The dirty gym clothes I hadn't yet bothered to wash went right back on this morning within five minutes of waking up. Sneakers laced and an almost-battery-dead ipod in my hoodie pocket, I wandered out the door, stopping briefly at Jojo's for a large to-go cup of coffee. I didn't have time to wait around for skim milk, so I splashed some half-and-half in there (which I hate), started chugging it, and made my way down the rest of the block to the snazziest building in downtown Hartford, a 35-floor apartment complex called Hartford 21. 21, while unrelated to the number of floors, is a good denotation of this building: it's ritzy and sort of stupid like a blackjack game, or a kid on their twenty-first birthday ordering their first legal martini. I walked in the doors, signed some waivers, chugged more coffee, picked up my number, and got in a line, all before I was really awake. Within eight minutes of entering the building I was at the starting line of a stair climb. Just as I felt I was really waking up, someone said, "GOOD LUCK! GO!," I hit play on Stronger (I'll let you guess whether it was Kelly, Kanye, or Britney) and began to sprint up 36 flights of stairs. Within about seven minutes, I was done, and headed home to make breakfast. I didn't do a great job on the run-- but I did it, and that was enough.
I'm a terrible runner. My friends have heard about my informal standoffs with a man who runs on crutches faster than I do, or the guy who appears to be over eighty who routinely streaks by me in Hartford races, or the little kids who dash past while chatting during the Turkey Trots. I am slow. I have a pathetic stride. ("Greg," I say, "the barefoot running guy says that shortening your stride is better for you," "Julia," Greg says, "your feet are barely clearing a shuffle.") I make weird breathing sounds, talk to myself, drop my arms too low. Trust me. I'm bad.
But I have come to like it. A few times I have hit a clear runner's high and floated along a few miles without convincing myself to keep going. Mostly, running is so hard that it's an act of mediation: keep going. Keep going. Keep going. I like how hard it is, and I love that there are a thousand different ways to set goals, a thousand different achievements possible. Personal records, new races, mileage, new routes. The best thing about being bad at something is that you know you can improve a hundred times over.

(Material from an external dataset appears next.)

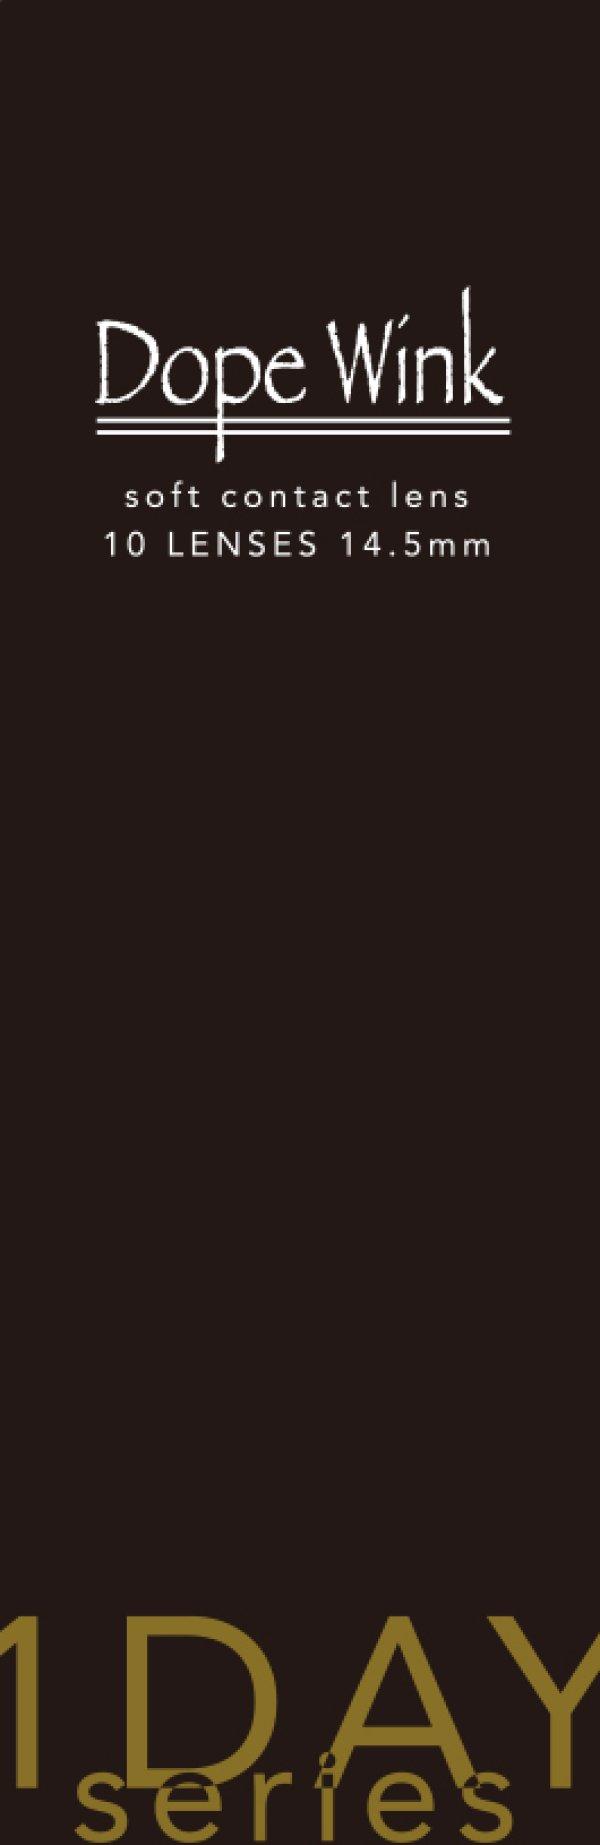 画像4: 【ドープウィンクワンデー スパークシリーズ ディアブラウン 】度あり(1箱10枚入)/1日使い捨てカラーコンタクト【カラコン】[OF08]

My new years' resolution was to run one race a month for the year of 2012. I've done three: a Cupid's Chase 5k, the O'Hartford 5k (winter races are so holiday-based), and the stair climb. Each time I don't really feel like going. In today's case, I didn't even want to get out of bed. But I've signed up-- I've paid, and I really should just get it done. I want to be doing longer distances; I want to be working out two or three hours a day. Of course, that's impossible. I just tell myself, "do something. Do anything. That's enough." Sometimes it ends up being just walking briskly the mile and a half to work. Sometimes it's a nine mile loop.
I'm going to tell you guys something that is probably already apparent: writing has become very hard lately. I don't make enough time, mostly mentally. I used to be a dogwalker and had all day to think things over. Now I don't. I get home at ten or eleven and I'm happy to read, but writing is harder. It requires so much focus and perfectionism and creativity and taste and time and voice. It's not something I ever want to be sloppy with.
Tonight, I'm tired. I'm tired from the stair race, I'm tired from an hour-long children's improv show I did with Sea Tea, I'm tired from socializing with everyone for an hour afterwards, I'm tired from doing my finances as soon as I got home, and I'm tired from even looking at my to-do list. I'm just about to go to bed, and it's ten-thirty-- shockingly early for me. That's like 7:30 to a normal person.
But I said to myself, "no! Goddamn it. I have to write tonight."
This is a blog post not half as good as the others. I took the picture with my phone twenty minutes ago. I don't even have a real story to tell. This post isn't going to launch the next phase of my writing career, or earn me any new subscribers, or elicit any comments. I'm trying to just do something: the equivalent of a slow mile on the treadmill that will bring me no immediate pride. A tiny workout. A tiny idea. A little training.
As I was writing I almost hit "save draft" many times. But no. Keep going. Keep going. Keep going. Keep going.